Information provided
+---+

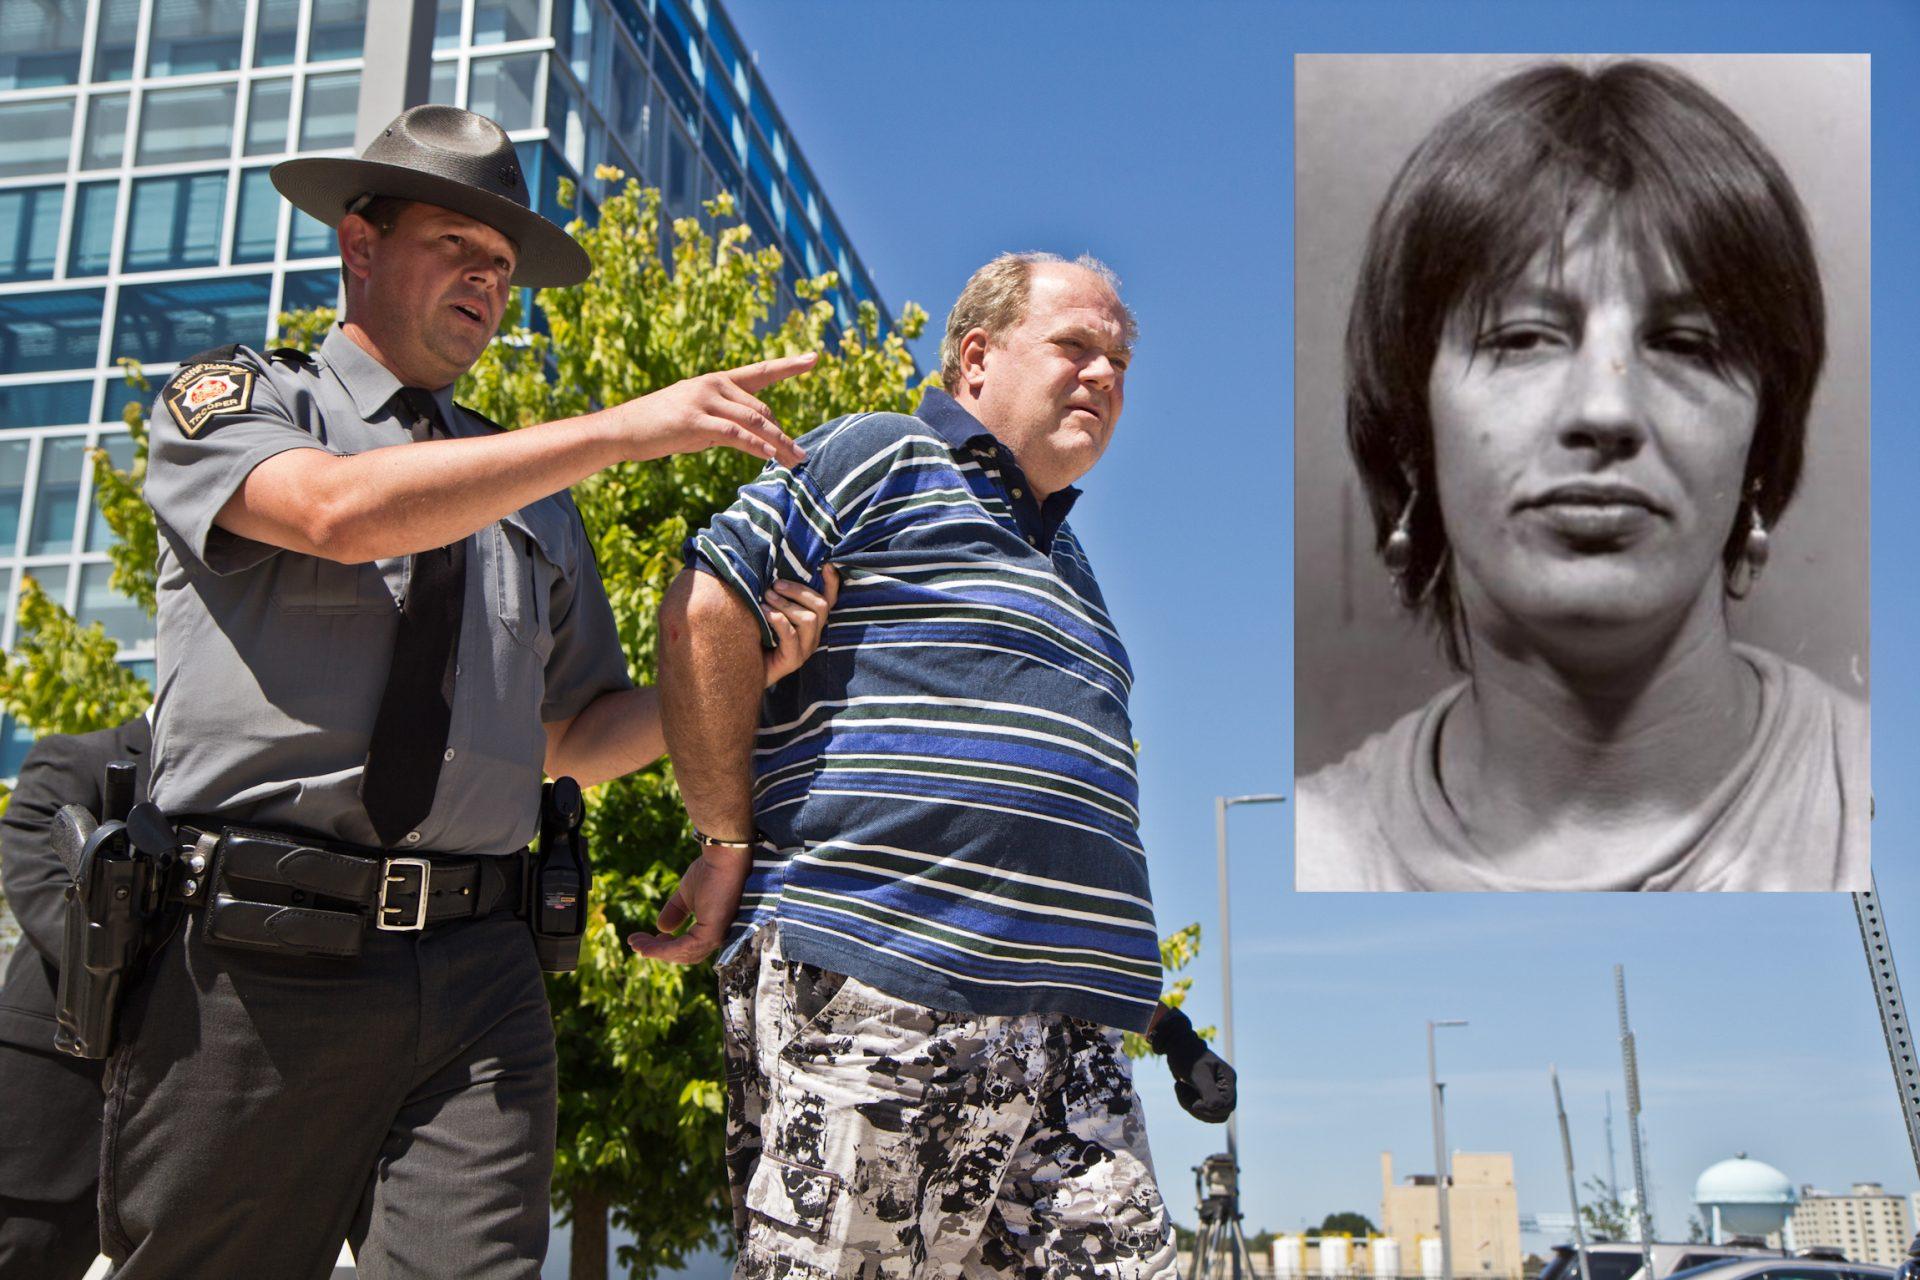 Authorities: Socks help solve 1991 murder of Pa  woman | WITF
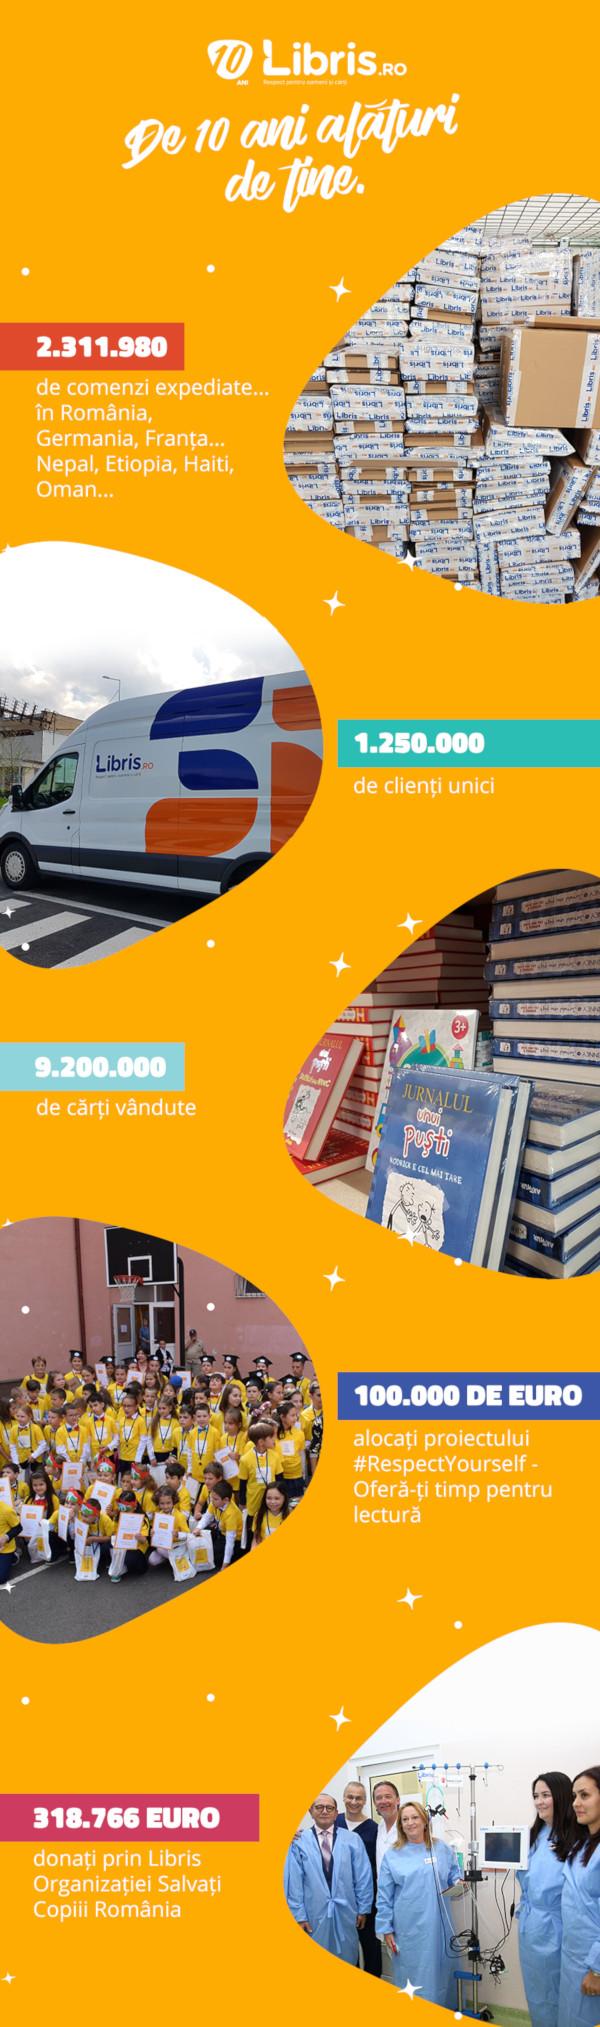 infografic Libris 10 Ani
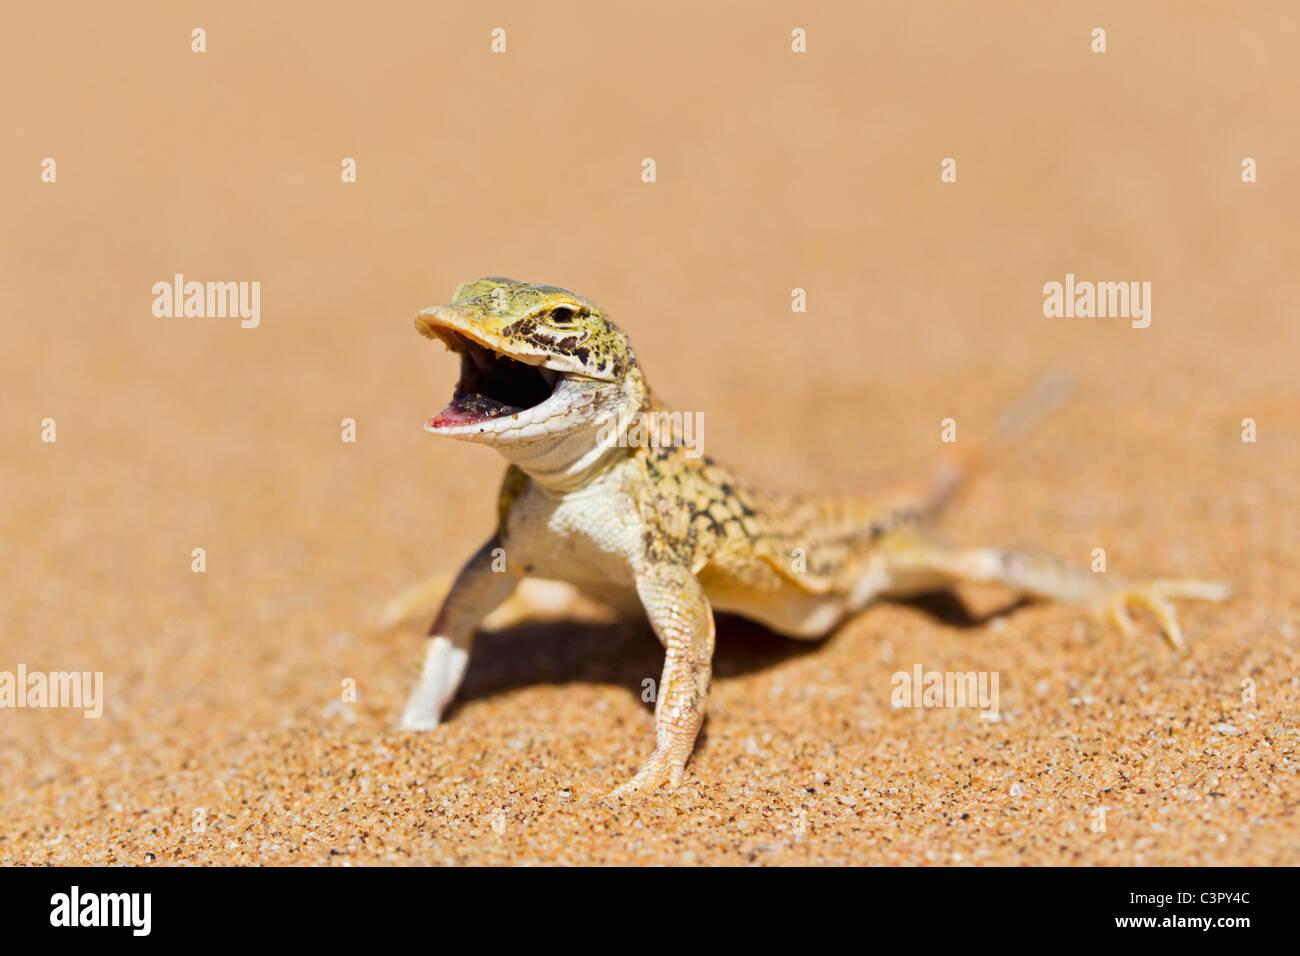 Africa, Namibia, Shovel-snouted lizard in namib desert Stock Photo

+---+

Exercise directions
Images are to be skipped, and each line above is to be returned exactly.

Exercise answer
 Authorities: Socks help solve 1991 murder of Pa  woman | WITF
 infografic Libris 10 Ani
 Africa, Namibia, Shovel-snouted lizard in namib desert Stock Photo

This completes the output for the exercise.